Here’s a challenge: try listening to ‘Version’ all the way through without coming to the conclusion that all the trumpets in the world should be gathered in one place, melted down and converted into door knobs or some such non-musical brass entity. Anything to stop this bloke from getting his hands on one again.
DJ/producer/fashionista of the moment Mark Ronson first came up with the idea that indie might make good funk fodder with his interpretation of Radiohead’s ‘Just’, a refreshing and iconoclastic cover that showed what might have happened if the coffee in the Oxford gloomsters’ studio had been laced with Prozac. Additionally, being largely responsible for rescuing Amy Winehouse’s career with the same brassy treatment and giving a lite urban sheen to Lily Allen’s mumblings has seemingly convinced Mark that he’s stumbled across the winning formula.

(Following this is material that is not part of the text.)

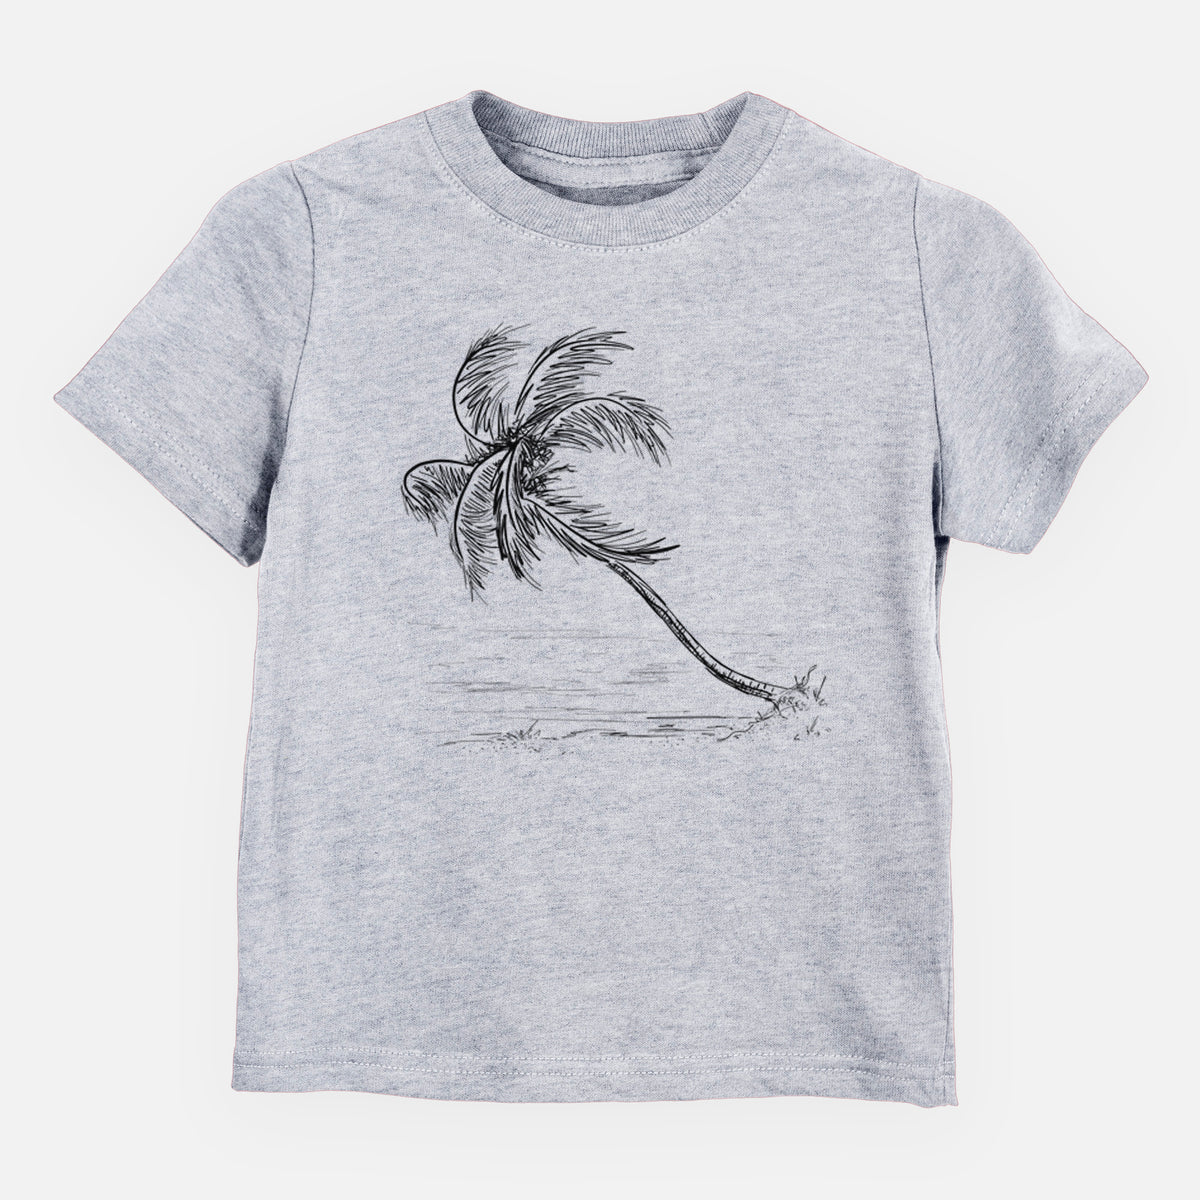 Coconut Palm - Cocos nucifera - Kids Shirt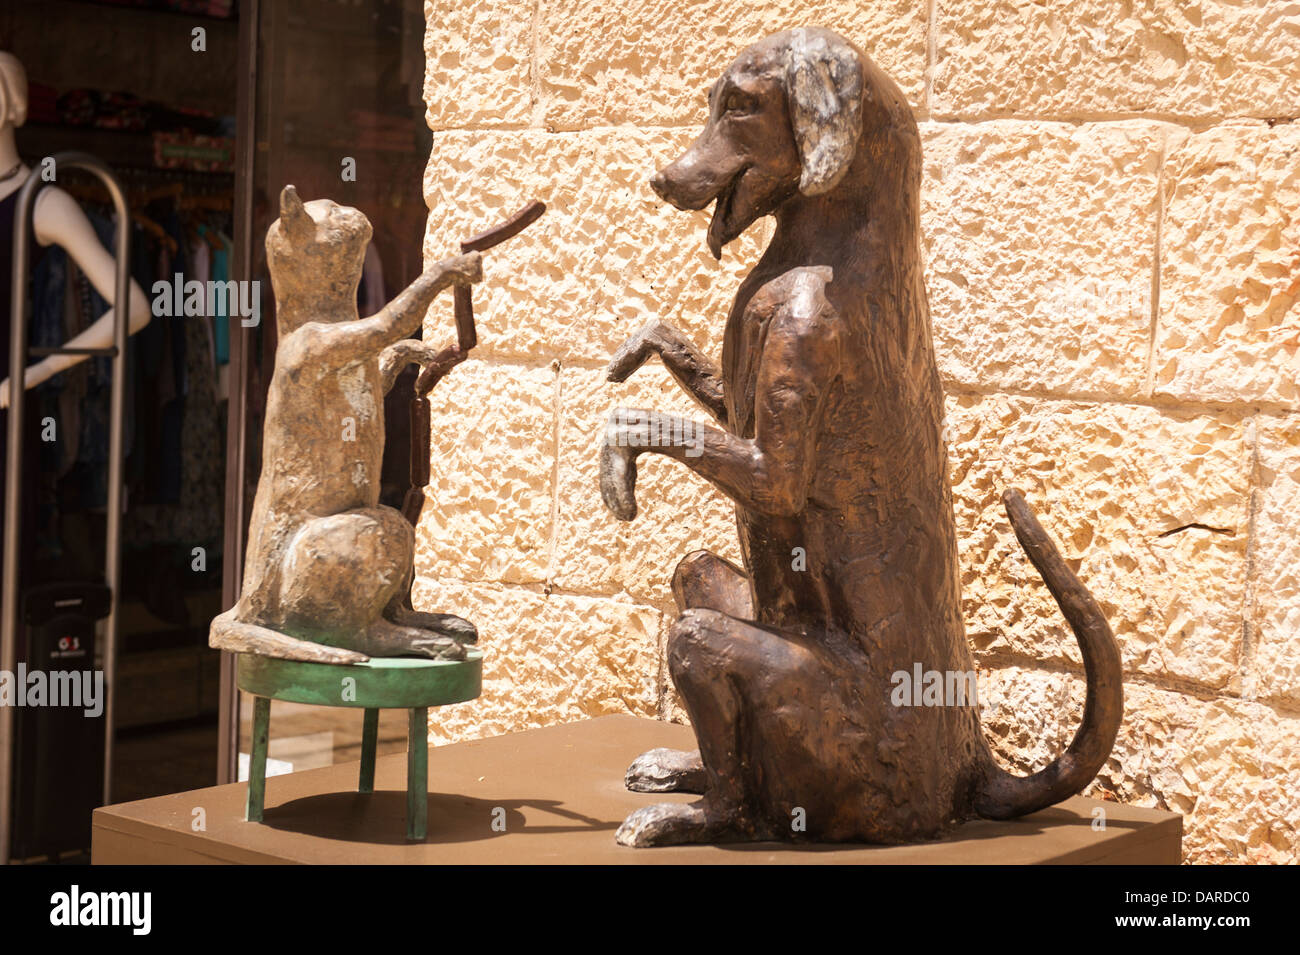 Israel Jerusalem Alrov Mamilla Avenue Mall modern contemporary art exhibition Humor & Satire statue sculpture by Dr Kizelshtain Martin cat feeding dog Stock Photo

And when he’s good, he’s very good. His instrumental take on Coldplay’s ‘God Put a Smile Upon Your Face’ sets a standard that he struggles to meet for the rest of the record, but Winehouse’s Motown-style version of The Zuton’s ‘Valerie’ doesn’t fall far short. And ‘Just’ sounds every bit as ballsy as when it first landed. But much of the rest is either pointless, flaccid or just plain ghastly.
Lily Allen mumbles her way through Kaiser Chiefs’ ‘Oh My God’ like she’s merely doing a favour for her mate, while Robbie Williams’ nondescript effort on The Charlatans’ ‘The Only One I Know’ is as horrible as you’d imagine. Ronson’s version of ‘Pretty Green’ aims for the toy-town hip hop of 'Buffalo Girls', but merely succeeds in turning The Jam into Boney M. Paul Smith and Tom Meighan’s contributions to their own songs can’t protect their children from the rampant Ronson’s horn, while the cover of The Smiths is every bit as dreadful as its popularity is inexplicable.
However, the main flaw with ‘Versions’ is not that certain songs don’t work or that some of the collaborations are unimaginative. The real problem is that its just a shit concept. On ‘Version’, Ronson comes across like a musical Dom Joly, coming up with one idea and then trampling you to death with it. Jolie had a big mobile phone, Ronson has trumpets. Many, many trumpets.